Russian powerlifter (born 1999)

Maryana Aleksandrovna Naumova (Марьяна Алекса́ндровна Нау́мова; born 22 April 1999) is a Russian powerlifter, journalist, and television presenter. Specializing in the bench press, she was one of the top teenage female lifters in the world. Naumova has won multiple world championships, set over 15 world records in her age category, and holds the title of Master of Sport of Russia, International Class.

Between 2009 and 2016, she competed in multiple world powerlifting championships, setting records in federations such as IPA, WPC, IPL, and IRP. She was the first girl under 18 allowed to compete in professional powerlifting tournaments and featured on the cover of Powerlifting USA magazine.

In 2016, the International Powerlifting Federation (IPF) found that Naumova had used banned substances, including diuretics and masking agents, leading to her disqualification for two years. She returned to competitive powerlifting in 2018.

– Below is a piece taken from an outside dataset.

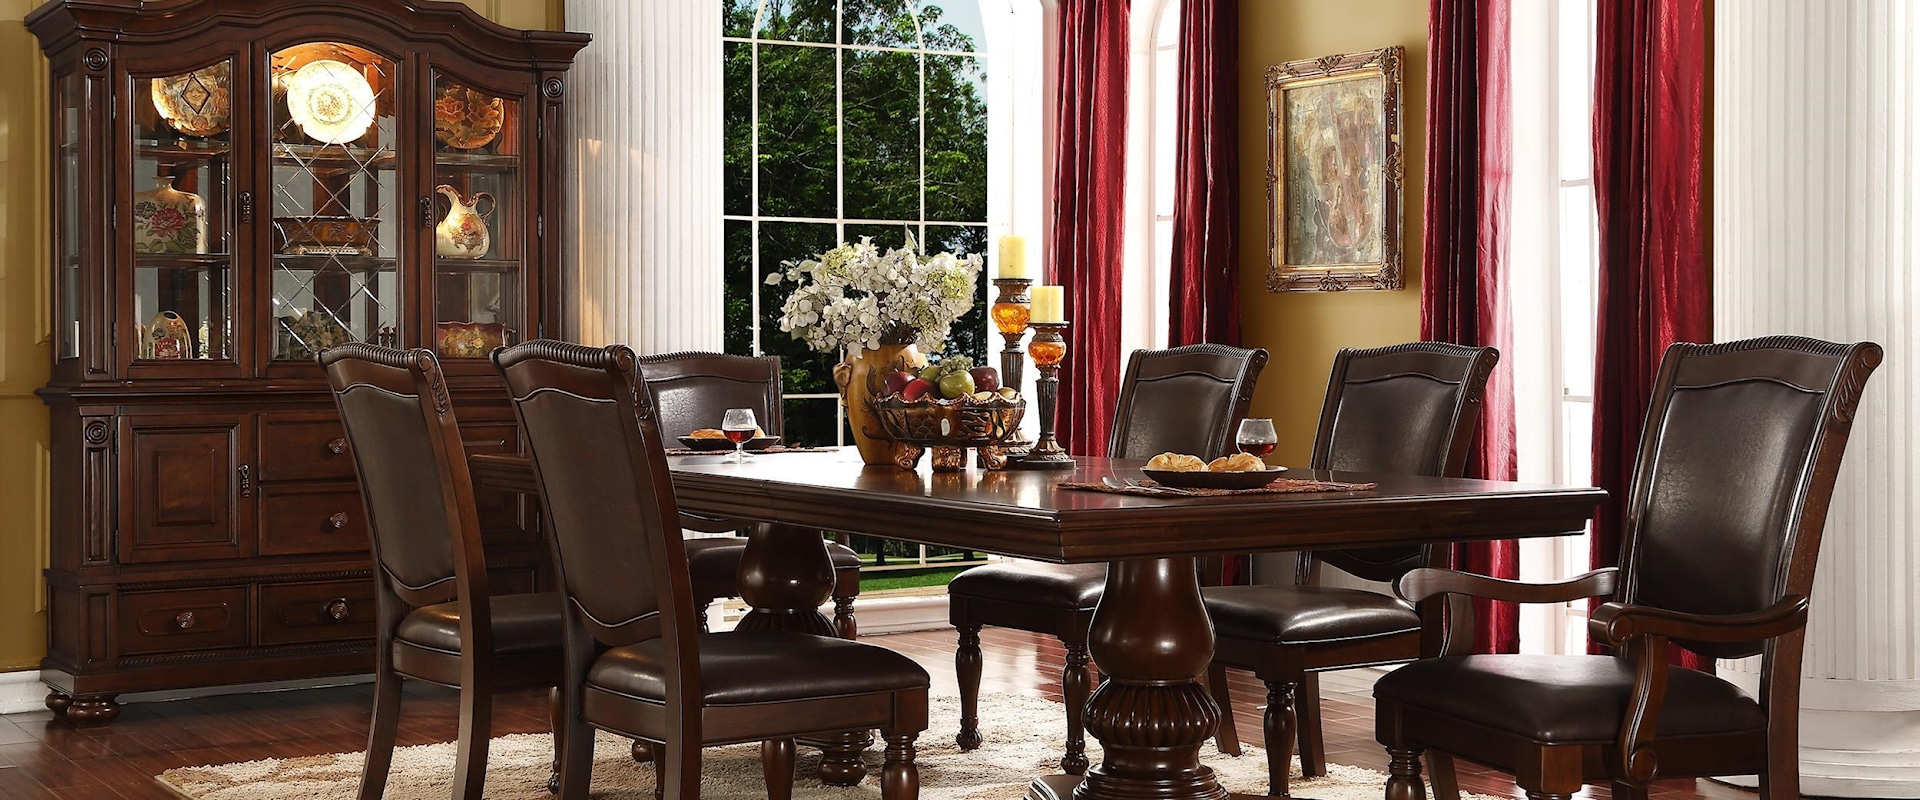 Brown Rich Wood Double Pedestal Dining 7PC Table Set

Since 2022, Naumova has been a television presenter on the socio-political talk show Vremya Pokazhet on Channel One. She is also a war correspondent and blogger, as well as a member of the Lenin Communist Youth Union (LKSM).

== Early life ==
She was born on April 22, 1999 in the town of Staraya Russa, Novgorod Oblast. Studied at Khimki general education lyceum No. 12. In 2017, after completing secondary education, she entered the Russian State University for the Humanities. As of 01.04.2019 studied at the 2nd year of the Faculty of International Relations and Foreign Regional Studies.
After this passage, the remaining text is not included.